Selasa, 24 Februari 2015

Penempatan Komandan Perbatasan RI-PNG Pemudah Pengendalian


Merauke (MI) : Danrem  174/Anim TI Waninggap Brigadir Jenderal TNI,  Supartodi, mengungkapkan, penempatan komandan sektor   pengamanan garis perbatasan Negara antara Indonesia  dan Papua Nugini (PNG) sepanjang Kabupaten Merauke dan  Boven Digoel dengan pangkat kolonel tak lain untuk memudahkan  pengendalian atas digelarnya satuan penungasan pengamanan di sepanjang perbatasan tersebut. 

Apalagi, saat ini sepanjang garis perbatasan Kabupaten Merauke sampai Boven Digoel tersebut yang sebelumnya hanya dua batalyon infanteri,  sekarang ini ditingkatkan menjadi tiga batalyon. 
‘’Saya pikir itu untuk memudahkan kendali saya. Kalau dulu, tidak ada komandan   sector. Tapi sekarang dengan adanya komandan sector, tugas  saya semakin ringan. Kalau ada sesuatu yang terjadi saya tinggal tanya komandan sektor. 

Sebagai komandan lapangan operasi,  saya tidak langsung ke danyon  tapi ke komandan  sector,’’ kata Danrem Brigjen  Supartodi, di Makorem, Jumat, (20/2) pekan lalu.
Danrem menengaskan,  tugas pokok dari komandan sector tersebut sama yakni menjaga keutuhan NKRI terutama perbatasan Negara.  Dan menurutnya, sepanjang NKRI berdiri tegas, maka TNI bersama rakyat akan  jaga sampai titik darah penghabisan. ‘’Tidak boleh ada sejengkal tanahpun yang harus lepas. Kita harus jaga dan pertahankan,‘’ ujarnya.
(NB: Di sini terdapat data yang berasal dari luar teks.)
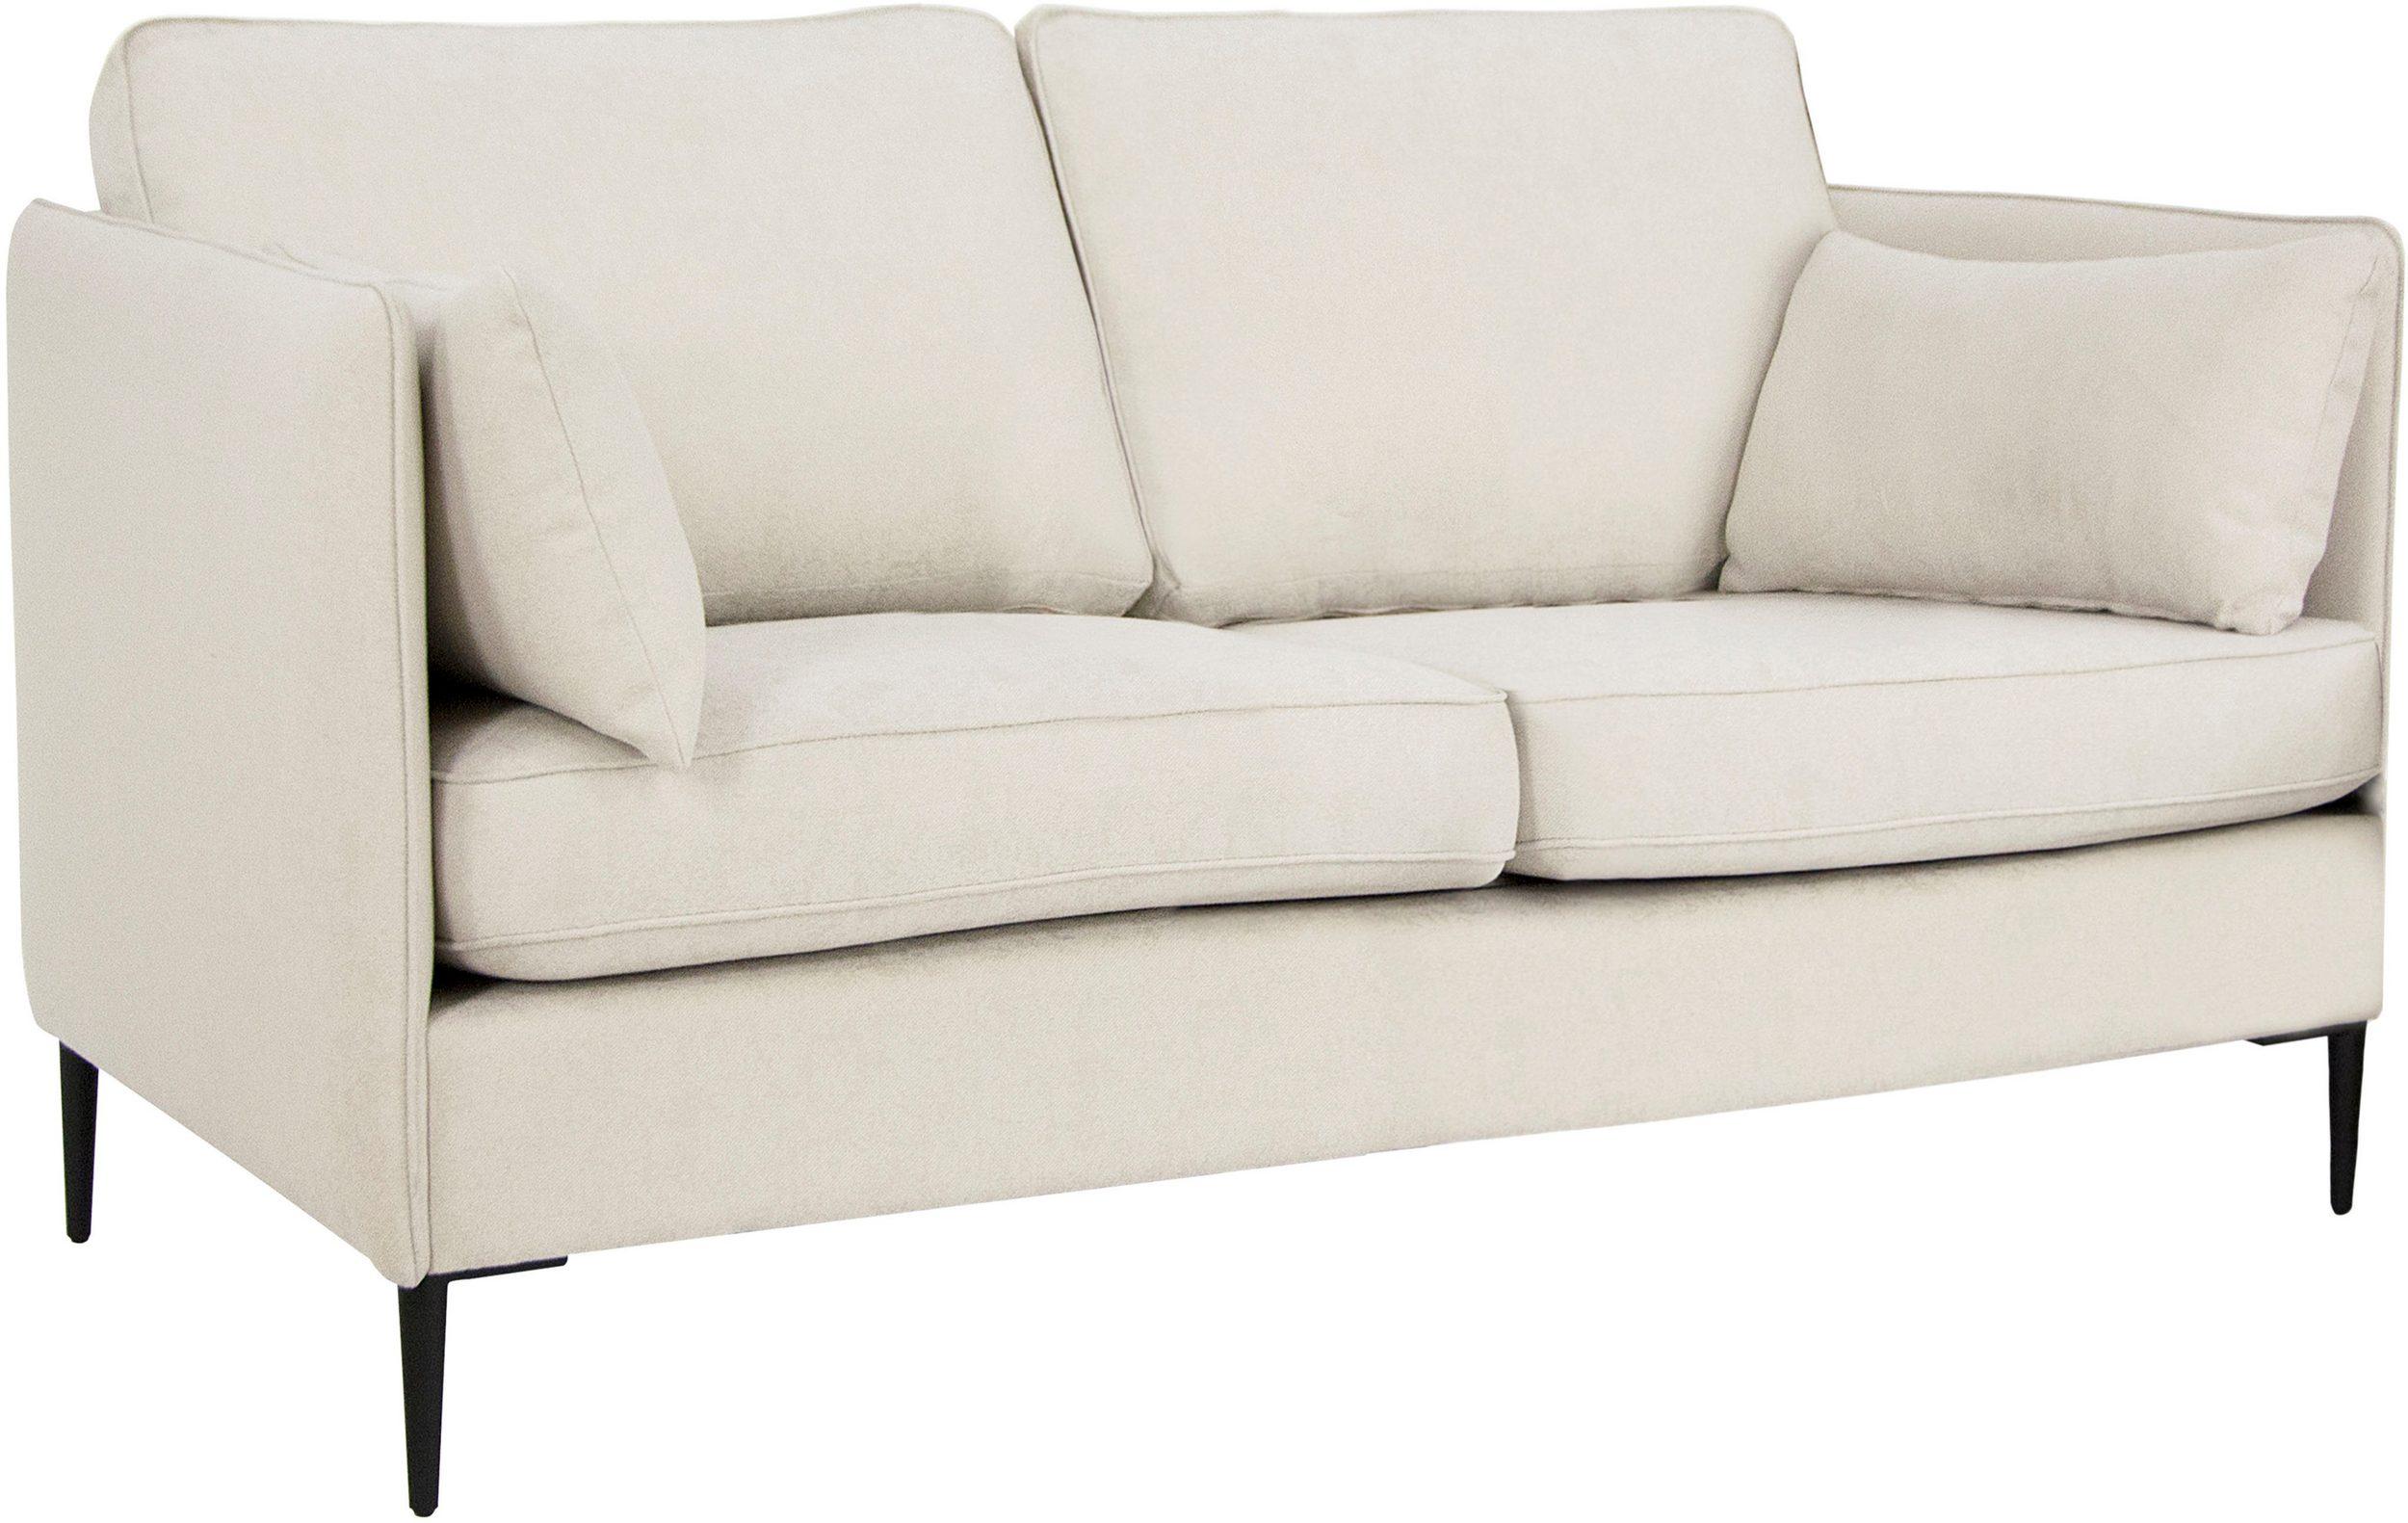 2-Sitzer Sofa Light

Ditanya lebih lanjut tentang masih adanya oknum anggota TNI  di daerah tugas tersebut melakukan tindakan-tindakan arogansi Danrekm mnegakui hal tersebut.
‘’Saya akui masih ada oknum-oknum yang mungkin tidak mengetahui dan saya juga turut prihatin. Kadang saya menagis  kalau masih ada oknum TNI yang arogansi. Padahal secara ekonomis, kalau saya menghitung-hitung,   gaji yang diberikan  Negara itu sudah bisa menghidupi keluarga mereka dengan kondisi yang ada sekarang," jelasnya. 

"Tetapi mungkin hanya nafsu atau karena terpengaruh  dan sebagainya. Tapi itu tidak semua, hanya  oknum saja,’’ tegasnya.
Kaitannya dengan itu, Danrem meminta masyarakat termasuk wartawan jika mengetahui adanya oknum anggotanya yang masih  bertindak arogan,  untuk melaporkan kepada dirinya. 
‘’Kalau ada masyarakat yang melihat ada oknum anggota saya melakukan tindakan-tindakan arogansi dan menyakiti rakyat, silakan laporkan kepada saya. Siapa namanya,  saya pasti memproses secara hukum,’’ tutupnya.